Arizona State has just announced that its Vice President for University Athletics, Ray Anderson, has tendered his resignation which is effective immediately. Ray Anderson will remain at ASU as a professor of practice in the sports law and business program in the Sandra Day O'Connor College of Law. Jim Rund will serve as interim AD.
Ray Anderson's hire of his long time friend and one-time client, Herm Edwards as ASU's football head coach flowing the 2017 season is when Anderson's tenure took a sharp turn south. It was a move that reeked of nepotism and was seemingly criticized not only locally but nationally.
Not only did Edwards produce a pedestrian 26-20 record, which also included zero division/conference titles and a 1-2 bowl record, but the fact that multiple allegations of recruiting violations, mainly during the COVID-19 recruiting dead period that took place, have placed a huge dark cloud on the program ever since that summer of 2021. The claims that there wasn't enough of a paper trail to dismiss Edwards during that year are curious at best since four of his assistants were essentially shown the door due to the investigation's findings.
Last year we learned from an athletic department source that in the spring of 2022, Edwards, who was fatigued by the ongoing NCAA investigation, seeing his roster being depleted not only by a handful of assistant coaches but also by numerous talented players utilizing the transfer portal, offered Anderson his resignation at that time.
The fact that Anderson convinced Edwards to stay, aside from the obvious coddling of his buddy, was also done due to the reason that it would have been impossible to even attempt and hire a suitable replacement head coach to lead the program, with just months prior to the season's kickoff. Nonetheless, that session resulted in arguably the worst campaign in the program's history, a 3-9 mark. Anderson was also responsible for a $4.4 million buy putout when Edwards and ASU parted ways just three games into the 2022 season.

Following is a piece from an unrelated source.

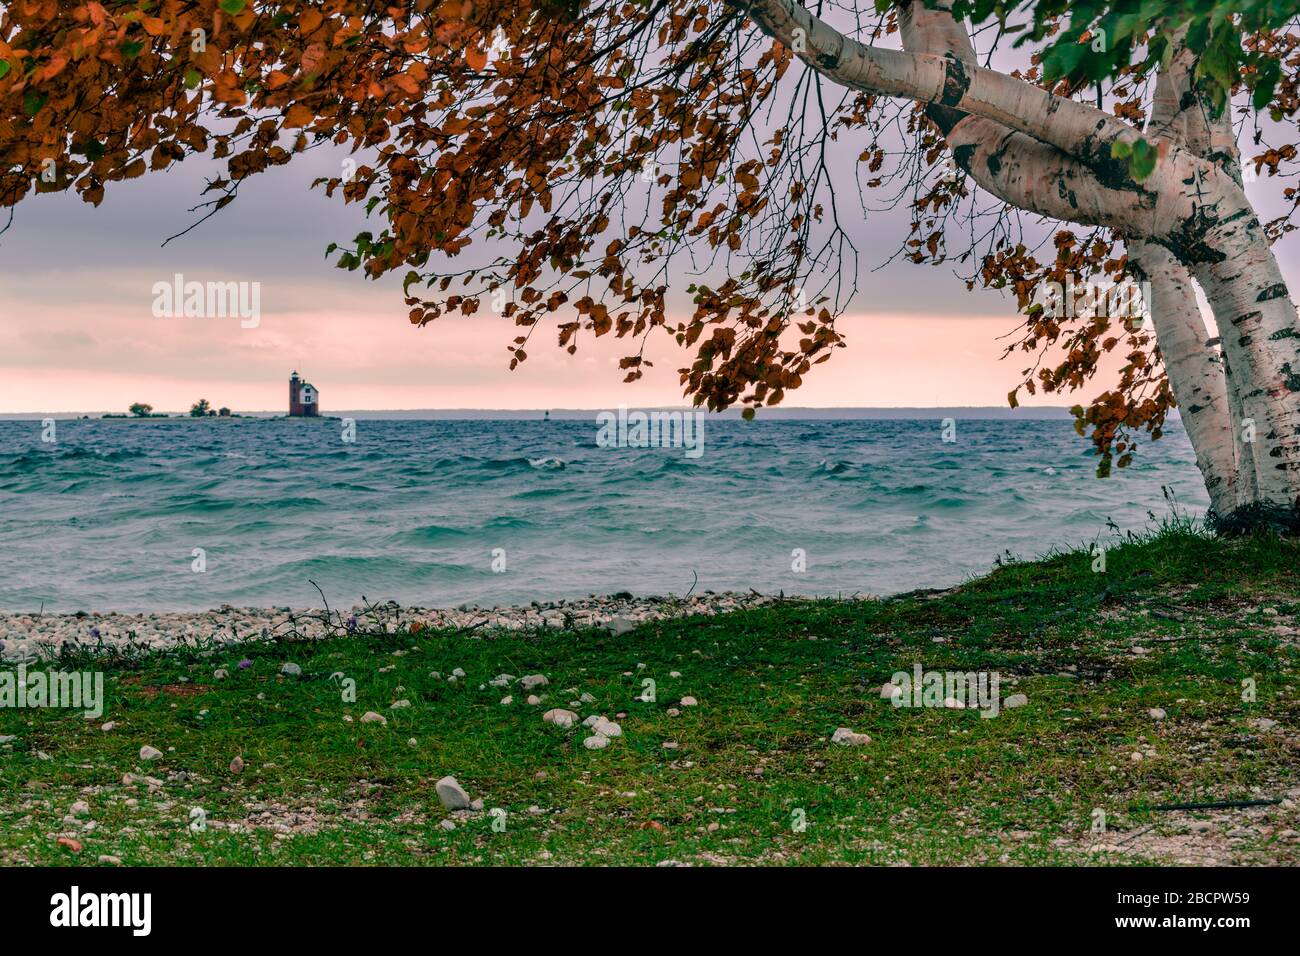 Looking under a birch tree at Round Island Lighthouse from Mackinac Island Stock Photo

Furthermore, Anderson wasn't compelled to self-impose a postseason ban ahead of a season when it was clear it was going nowhere fast. Instead, he saddled first-year head coach Kenny Dillingham with that ban less than a week before the 2023 season opener.
In a 2018 interview with SBNation, Anderson said that he would "hand the keys back to the (ASU) president." If the Herm Edwards hire would have failed. Over a year after Edwards departed the program, Anderson finally followed on his word.